In week 2, the course explained about feature scaling topic. My question is when we apply normalization to the input features why don’t we apply normalization to the target / output ? Also Will the weights have a drastic change on them due to gradient descent applied on the normalized data compared to weights learned from original data ?

Thank You !

Does this help?

Choice of feature scaling depends on the algorithm in use. For neural networks, feature scaling is always done.
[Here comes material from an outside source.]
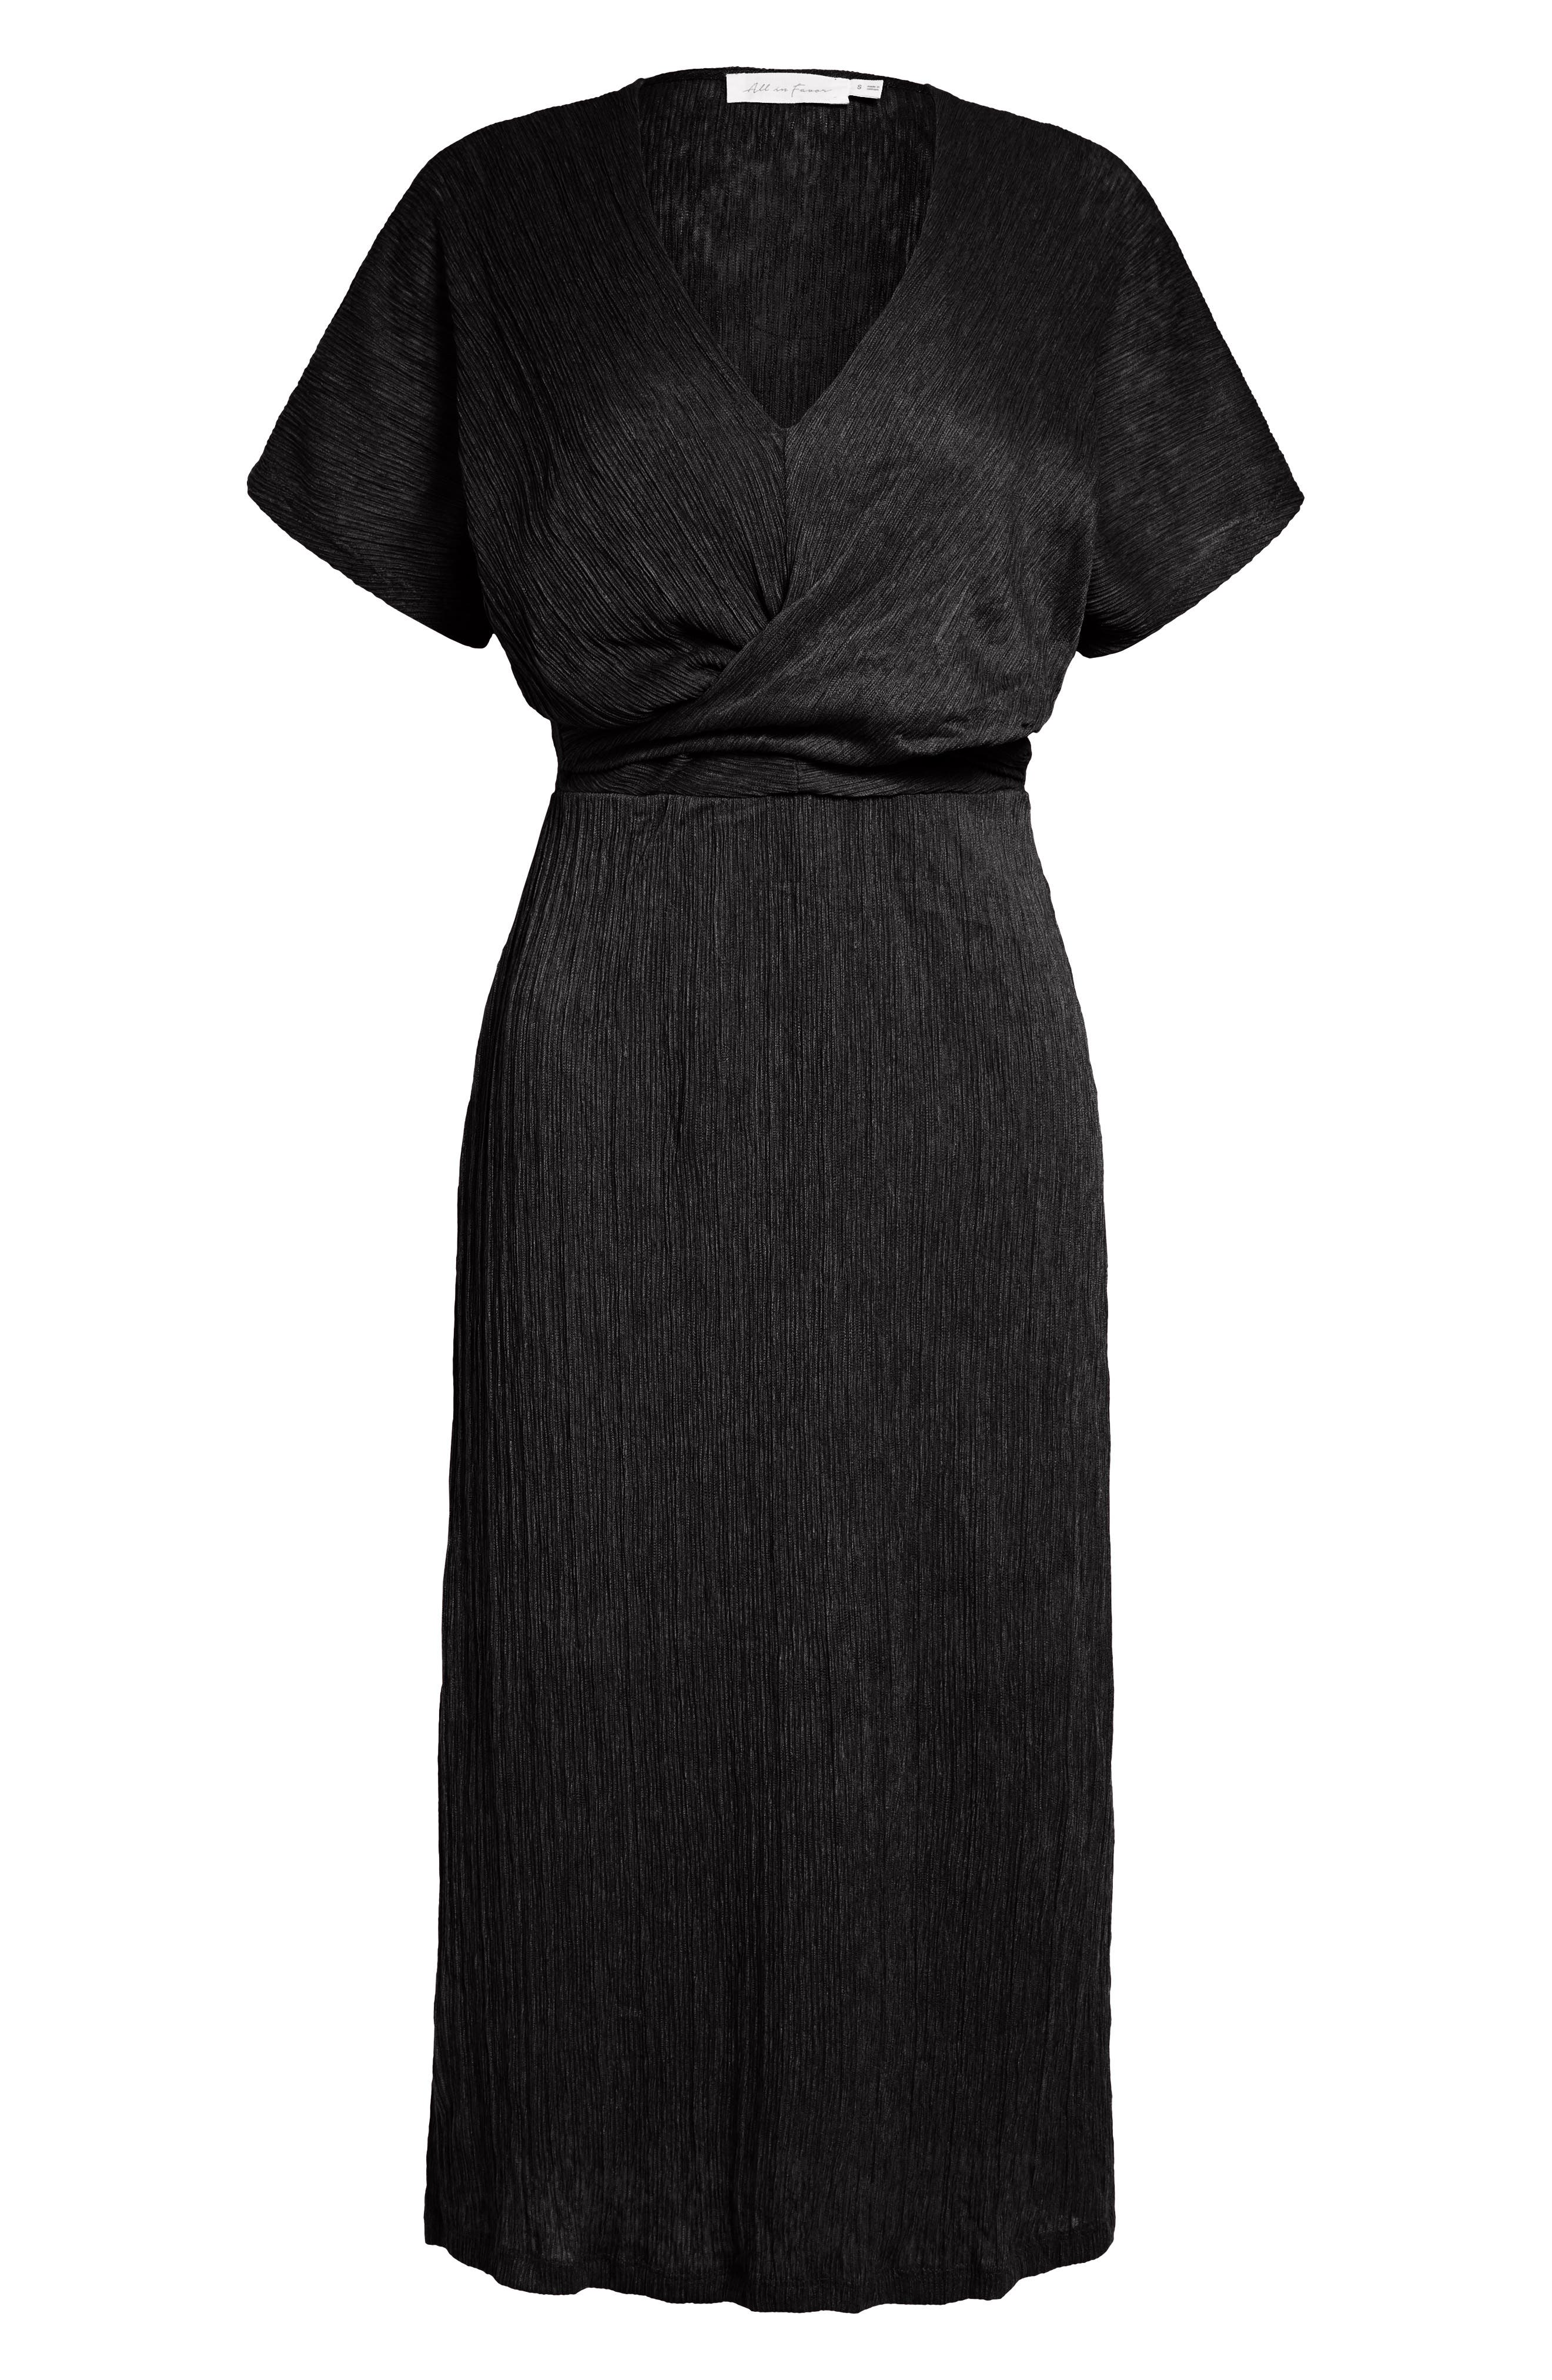 nordstrom black and white dress

For tree based algorithms, feature scaling is not done.

Feature scaling is never done for target labels.

1 Like

Yes Thanks…If feature scaling is never done on target labels then is it the weights that get optimized to the solution by gradient descent. (Because in the lecture, optimal value for a weight was initially 0.1 for original data, and it became about 20 for normalized data)?

I’d like to clarify one detail that the target label refers to the label of a classfication problem. For a regression problem, the target feature can also be normalized.

Please specify the lecture / timestamp you are referring to.

1 Like

In this lecture https://www.coursera.org/learn/machine-learning/lecture/KMDV3/feature-scaling-part-1 of feature scaling part - 1 at 2:15, the estimated weights for w1 = 0.1 , w2 = 50 and b = 50 for original data. But for normalized data will the weights be changing in a large scale to make the same prediction (since the features are between -1 and 1) ?

I’m sorry, Mohammed. The link you gave is related to MLS and not MLEP. I don’t have access to that course. Please change your post to the correct topic.

Yes, the learned weights will be different.

Oh Ok sir. Still I understood and found your explanations useful. Thank You !

Ok Got it. Thank You!